Not only did the court withdraw the Department’s authority to seize these borrowers’ tax refunds, it ruled that the Department of Education must consider the borrower defense application submitted by the Massachusetts Attorney General on behalf of all Massachusetts Corinthian students – an important acknowledgement of the power of Attorneys General to submit borrower defense claims on behalf of their constituents.

This ruling is especially critical for the many thousands of Massachusetts students who have been cheated by Corinthian, because many of them are not aware that they are eligible for borrower defense, or don’t know how to apply. The Department has callously exploited that fact, mercilessly collecting and coercing payments from students while fully aware that debts from Corinthian are invalid.

This government theft of tax refunds, especially when those tax refunds are really anti-poverty benefits like the earned income tax credit, is unconscionable. The Department of Education shouldn’t need a court ruling to understand that.

The Department of Education has the power and the obligation to do the right thing and immediately cancel the debt of all Corinthian borrowers, all of whom were cheated on the government’s watch.

Any former student who was cheated by their school can apply to discharge their federal student loan debt. This website has information about borrower defense, and a link to the Department of Education’s Universal Borrower Defense form.

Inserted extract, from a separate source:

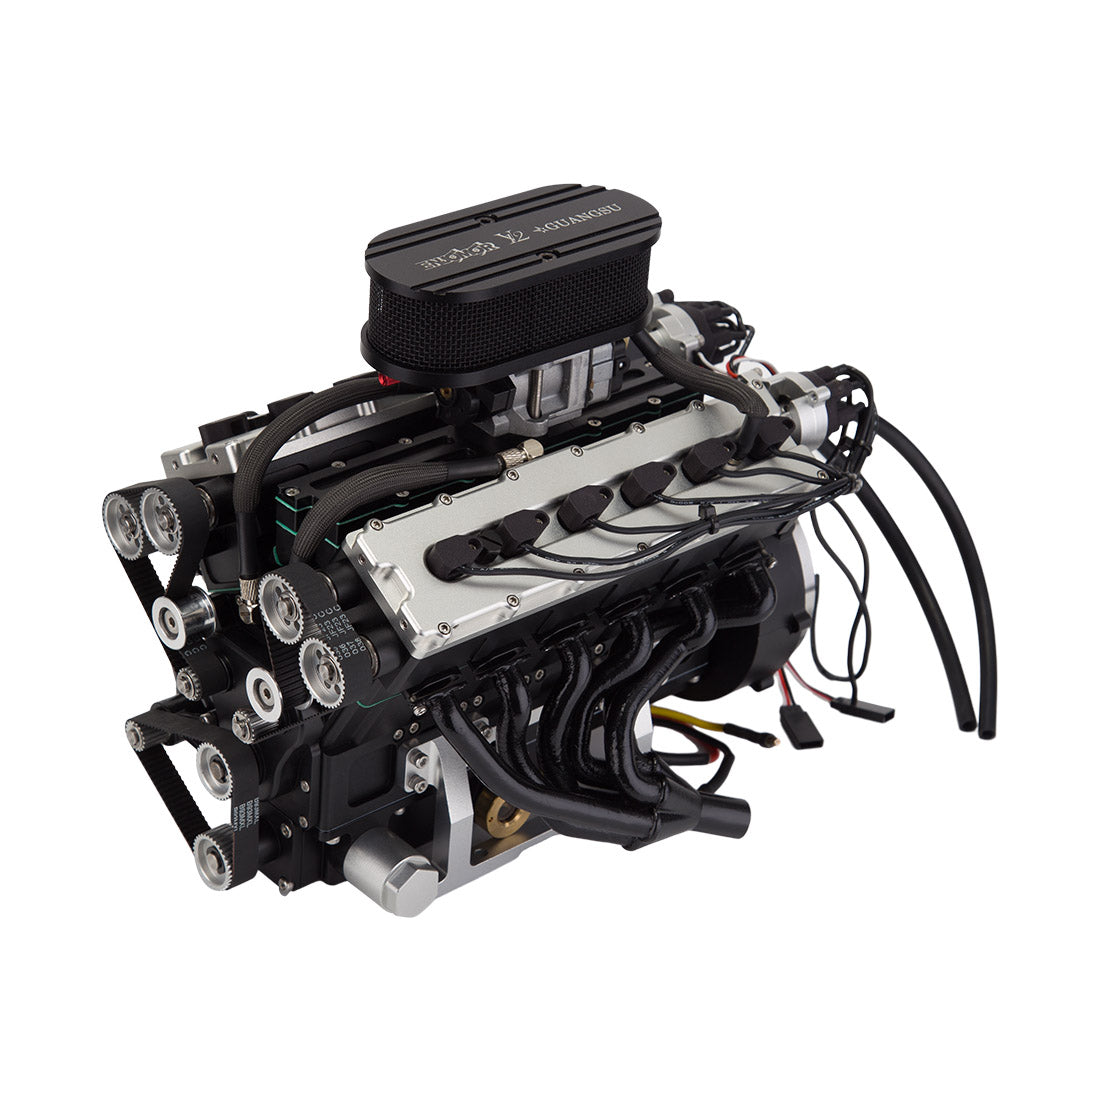 ENJOMOR V12 GS-V12 72CC Large Scale V12 DOHC Four-Stroke Gasoline Engine Model Water-Cooled Electric Start

A Winning Streak For Student Borrowers

Students Won Several Major Victories This Month Against the Department of Education.

After years of delay by the Department of Education, student borrowers represented by the Project on Predatory Student Lending are finally winning their rights in courts. On four separate occasions this month, judges rebuked the Department, struck down illegal policies, and ruled in favor of students.

These recent rulings and decisions demonstrate that student borrowers have, and can enforce, their rights against the Department of Education and predatory for-profit colleges. These wins are a testament to our clients’ perseverance and willingness to stand up to the Department and drive change for student borrowers who attended for-profit colleges across the nation.

In the past three weeks alone, student borrowers won the following cases:

The 2016 Borrower Defense Rule is Now in Effect.

Students thwarted the Department of Education and the for-profit college industry’s attempts to prevent the implementation of the 2016 borrower defense rule. This rule includes a set of important protections for student loan borrowers from predatory schools, including their right to bring their claims in courts instead of in arbitration if their school participates in the federal student loan program. The Department finally backed down from its stubborn delays after all of its arguments were rejected by the court. The judge also rejected an industry attempt to stop the 2016 borrower defense rules from taking effect. As a result, the rule took effect on October 16, 2018 after more than a year of illegal delays.

These victories are a rebuke to both the Department of Education and the for-profit college industry. Students did not stop fighting to get this rule implemented, and now, because of their willingness to fight, these important and long-delayed rules are in effect.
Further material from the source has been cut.